MODELING OF OPERATIONS
Chapter 1
Management science: a scientific approach to solving management problems. It
can be used in a variety of organizations to solve many different types of problems.
Furthermore, it encompasses a logical approach to problem solving. Steps of
scientific method to problem solving:
1. Observation (can often be identified by a management scientist: a person
skilled in the application of management science techniques)
2. Definition of the problem
3. Model construction (a model is an abstract mathematical representation of a
problem situation), mostly in the form of a set of mathematical records. A
variable is a symbol used to represent an item that can take on any value.
Parameters are known, constant values that are often coefficients of
variables in equations. Data are pieces of information from the problem
environment. A functional relationship includes variables, parameters and
equations.
4. Model solution
5. Implementation (the actual use of a model once it has been developed)
Break-even analysis is a modelling technique to determine the number of units to
sell or produce that will result in zero profit. Fixed costs are independent of volume
and remain constant. Variable costs depend on the number of items produced.
Total cost = total fixed cost + total variable cost
TC
= cf
+
vcv
Profit is the difference between total revenue (volume multiplied by price) and total
cost.
The break-even point is the volume (v) that equals total revenue with total cost
where profit is zero. Break-even formula =
0 = v(p-cv)-cf
Sensitivity analysis: sees how sensitive a management model is to changes. In
general, an increase in price lowers the break-even point, all other things held
constant. An increase in variable costs will increase the break-even point, all other
things held constant. Also, an increase in fixed costs will do this.
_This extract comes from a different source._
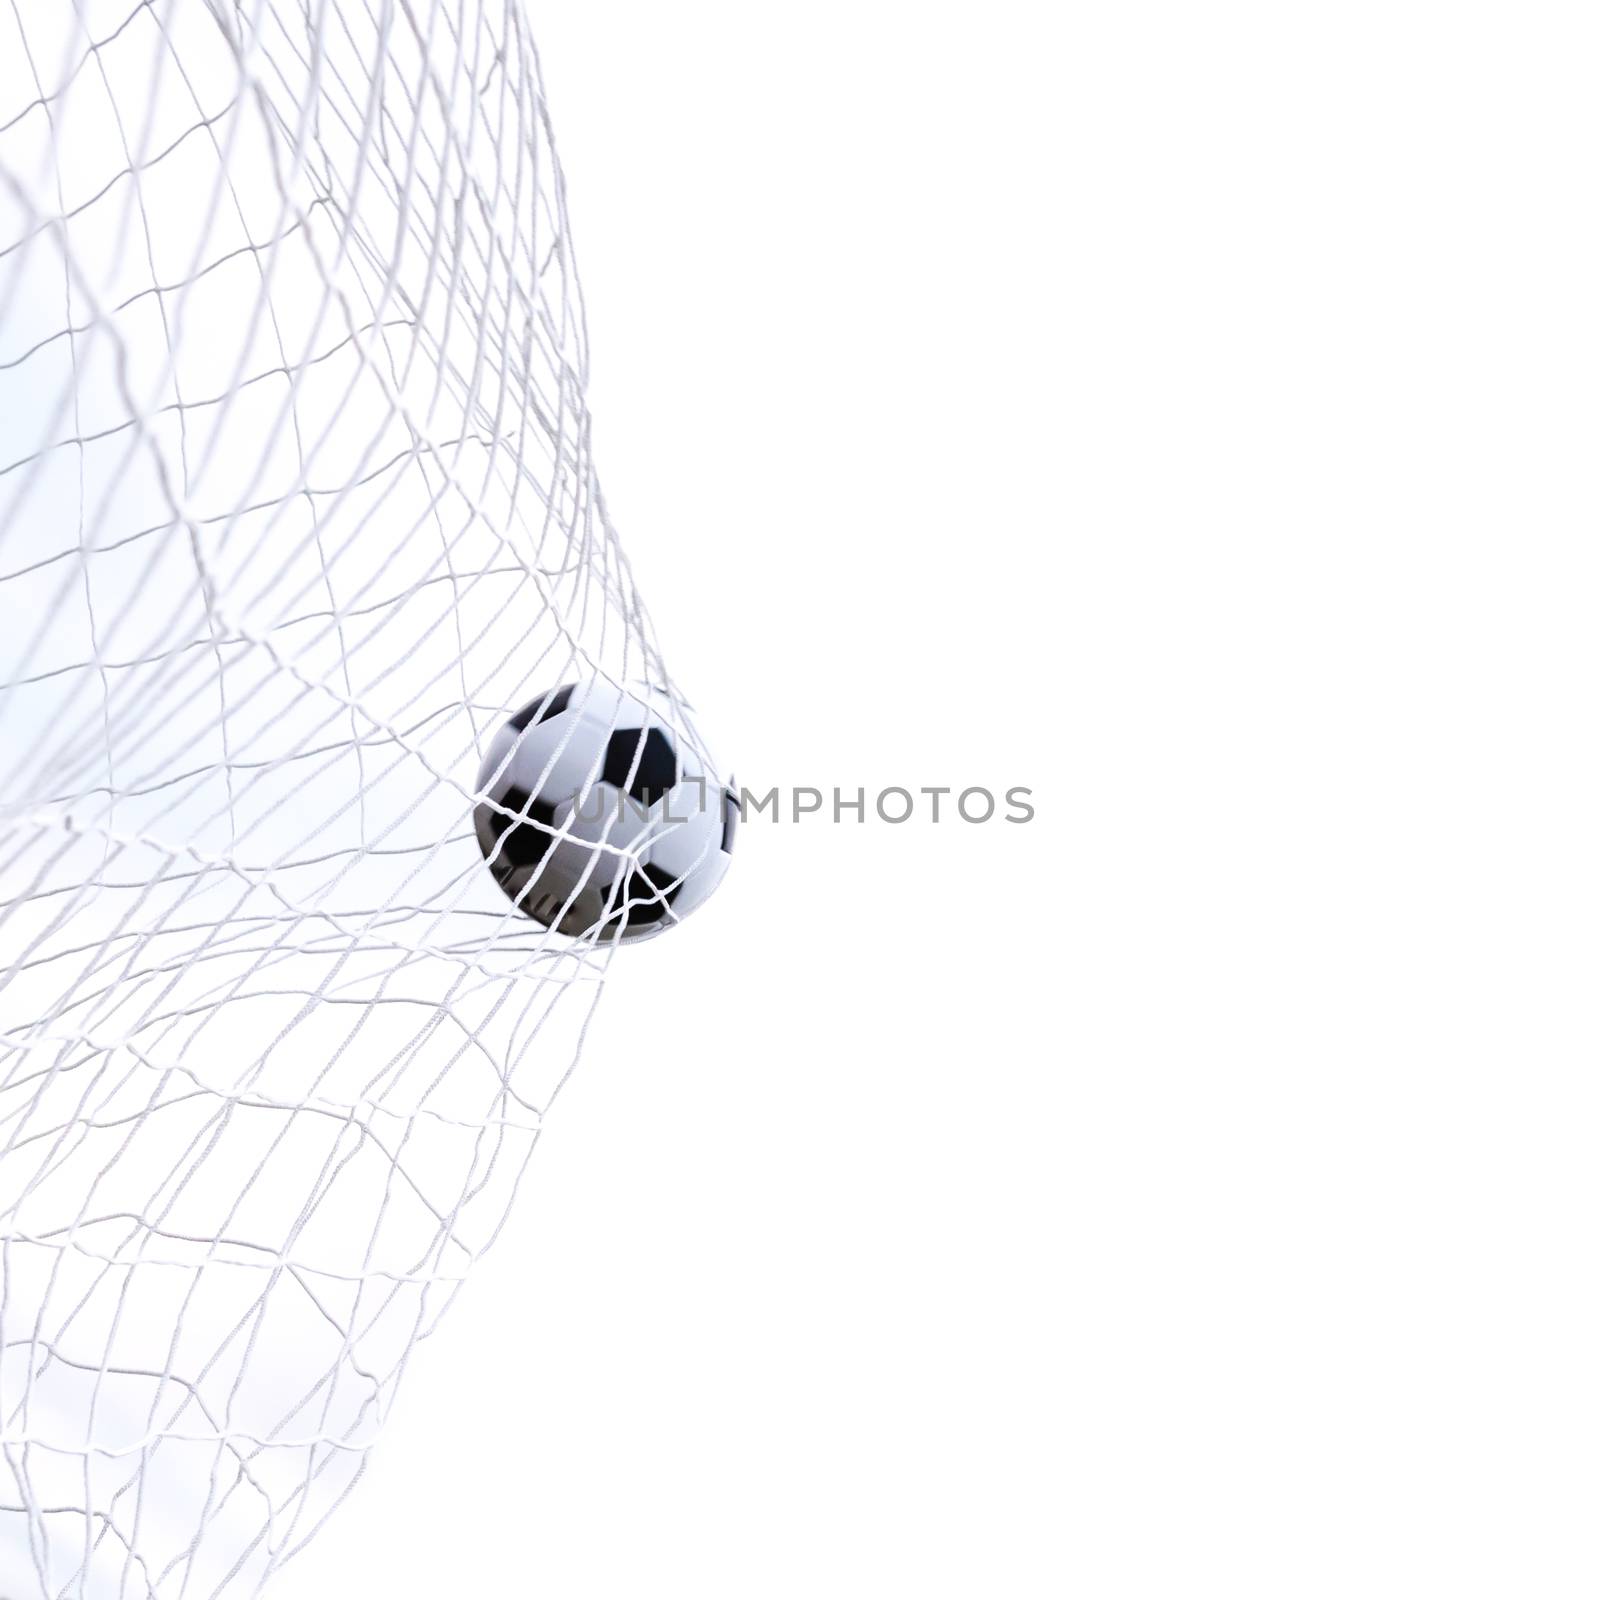 Studio shot moving soccer ball in goal net isolated on white by trongnguyen

Management science techniques
-
Linear mathematical programming
Probabilistic techniques
Network techniques
Other techniques
A deterministic technique assumes certainty in the solution
Chapter 2
Objectives of a business frequently are to maximize profit or minimize cost. Linear
programming is a model that consists of linear relationships representing a firm’s
decisions, given an objective and resource constraints.
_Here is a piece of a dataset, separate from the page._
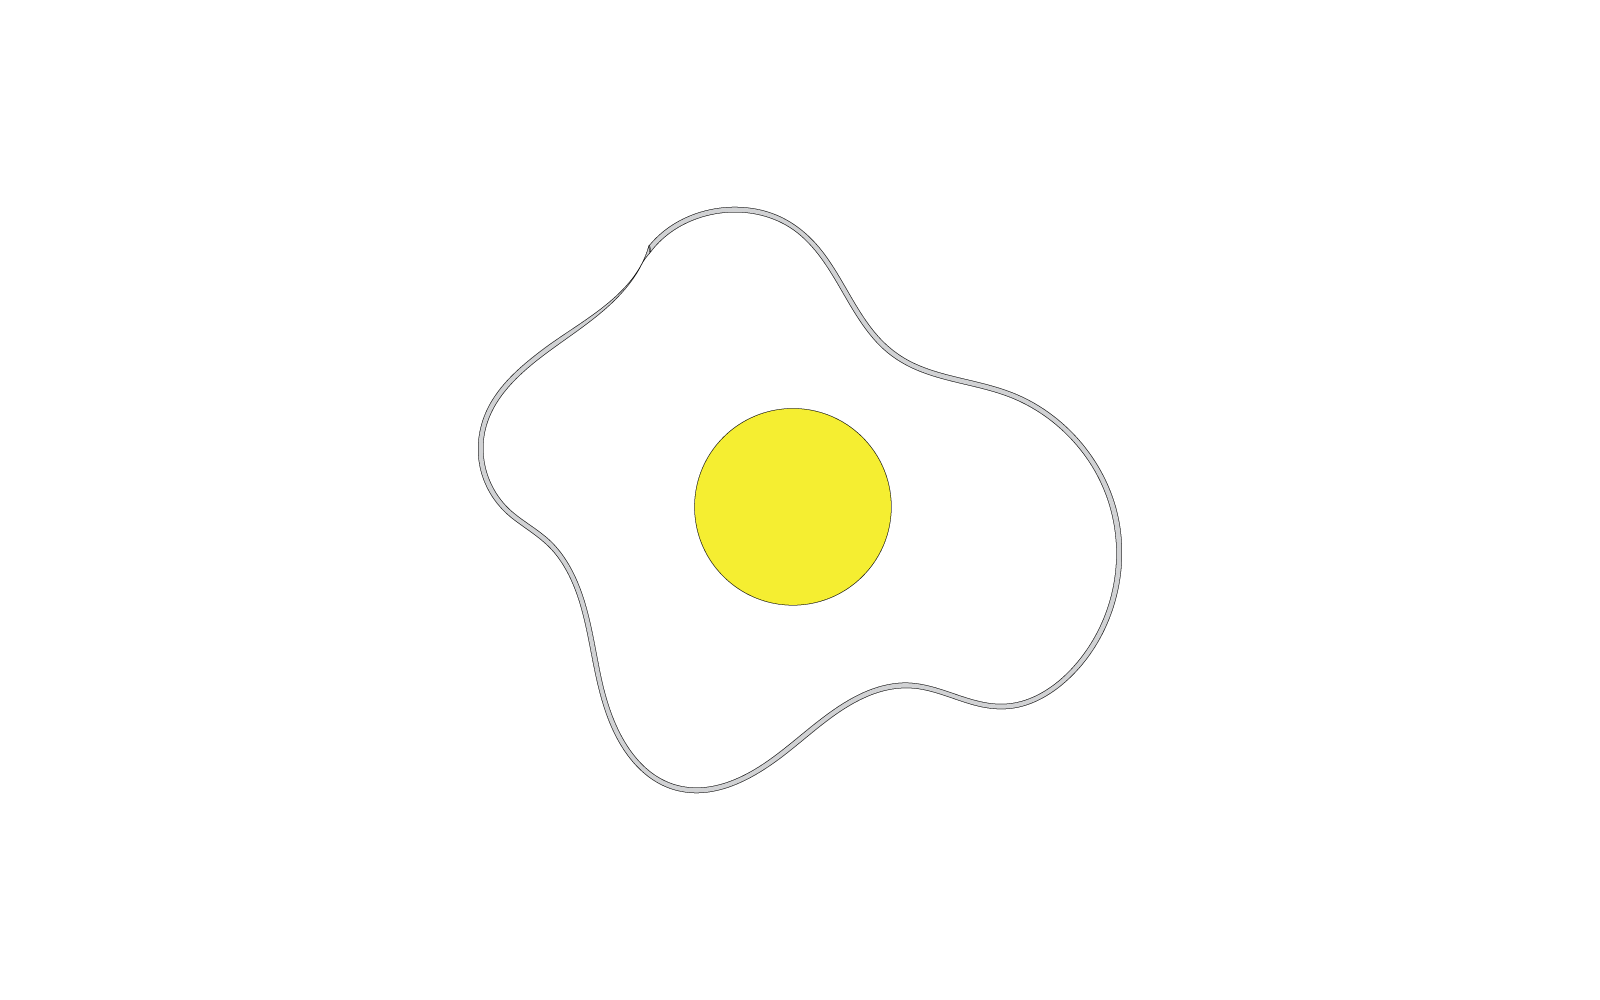 Egg illustration vector flat design

Decision variables are mathematical symbols that represent level of activity. The
objective function is a linear relationship that reflects the objective of an operation.
A model constraint is a linear relationship that represents a restriction on decision
making. A linear programming model consists of decision variables, an objective
function and constraints.
A solution is feasible when it does not violate any of the constraints. An infeasible
problem violates at least one of the constraints.
When solving it using a graph  the optimal solution point is the last point the
objective function touches as it leaves the feasible solution area.
Multiple optimal solutions can occur when the objective function is parallel to a
constraint line. A slack variable represents unused resources.
A surplus variable is substracted from a => constraint to convert it to an equation.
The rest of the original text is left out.